Author : Jean Sutton
Publisher : Boydell & Brewer
Page : 330 pages
File Size : 33,71 MB
Release : 2010
Category : Business & Economics
ISBN : 1843835835
The book charts in detail successive voyages by members of the Larkins family, who were leading owners of East India Company ships, showing what it was like to sail to and trade with India in this period.
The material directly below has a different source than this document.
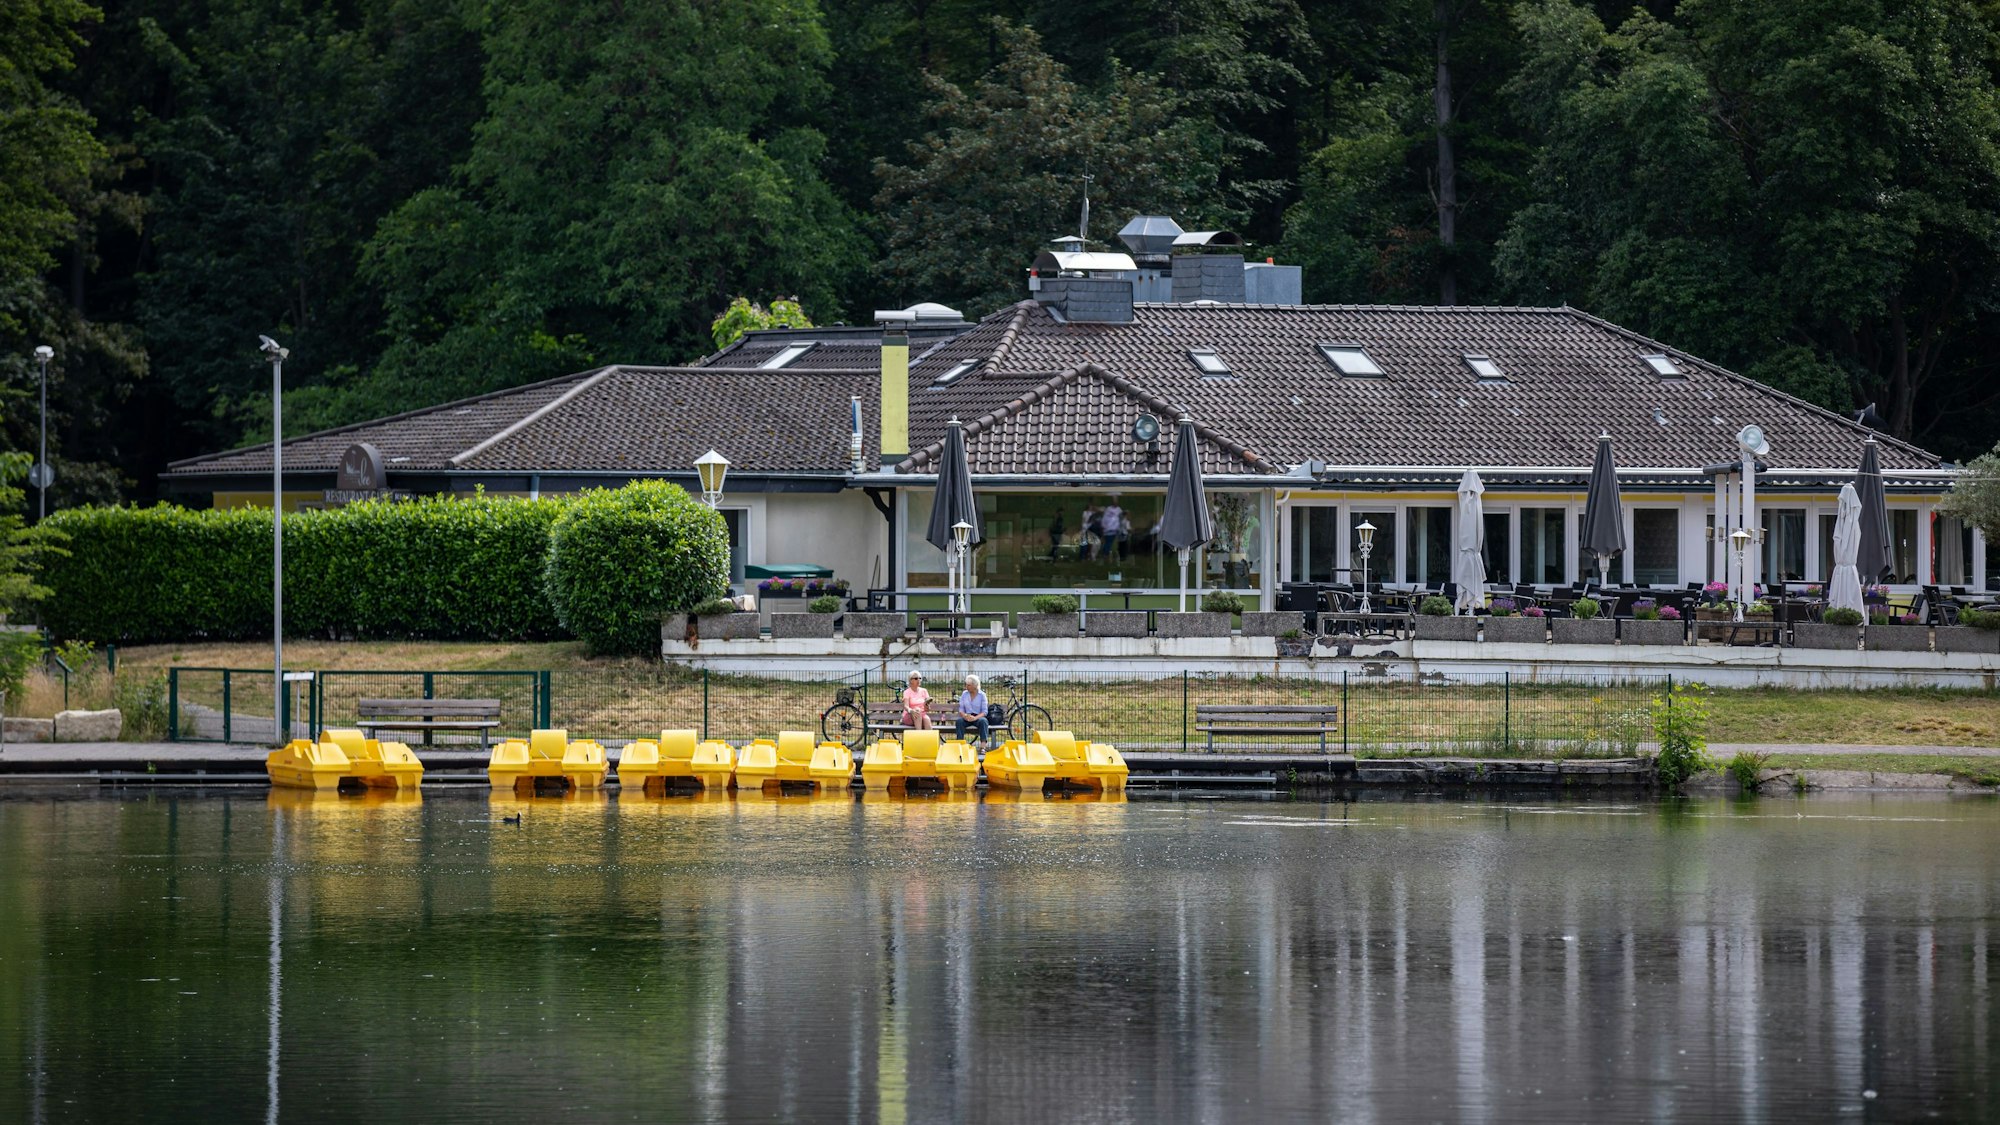 Zwei Personen sitzen auf einer Bank am Tretbootverleih am Decksteiner Weiher, während im Hintergrund das Restaurant „Haus am See“ zu sehen ist.

It provides a great deal of material on trade, warfare, developments in seamanship and navigation, the opening up of trade to China, and much more.
Author : Captivating History
Publisher :
Page : 78 pages
File Size : 49,94 MB
Release : 2020-01-19
Category :
ISBN : 9781647483821
For years, the topic of the East India Company has fascinated historians as well as economists, anthropologists, sociologists, and other scholarly types.
Author : Antony Wild
Publisher :
Page : 0 pages
File Size : 12,41 MB
Release : 2000
Category : East Indies
ISBN : 9781585740598
The East India Company haunts the collective psyche of the modern world. Heady images of sailing ships laden with spices, tea, and porcelain on the high seas jostle with darker images of opium, oppression, and greed. In form, like a modern multinational; in action, like an expansionist nation state -- the East India Company was a uniquely British creation which took on the world.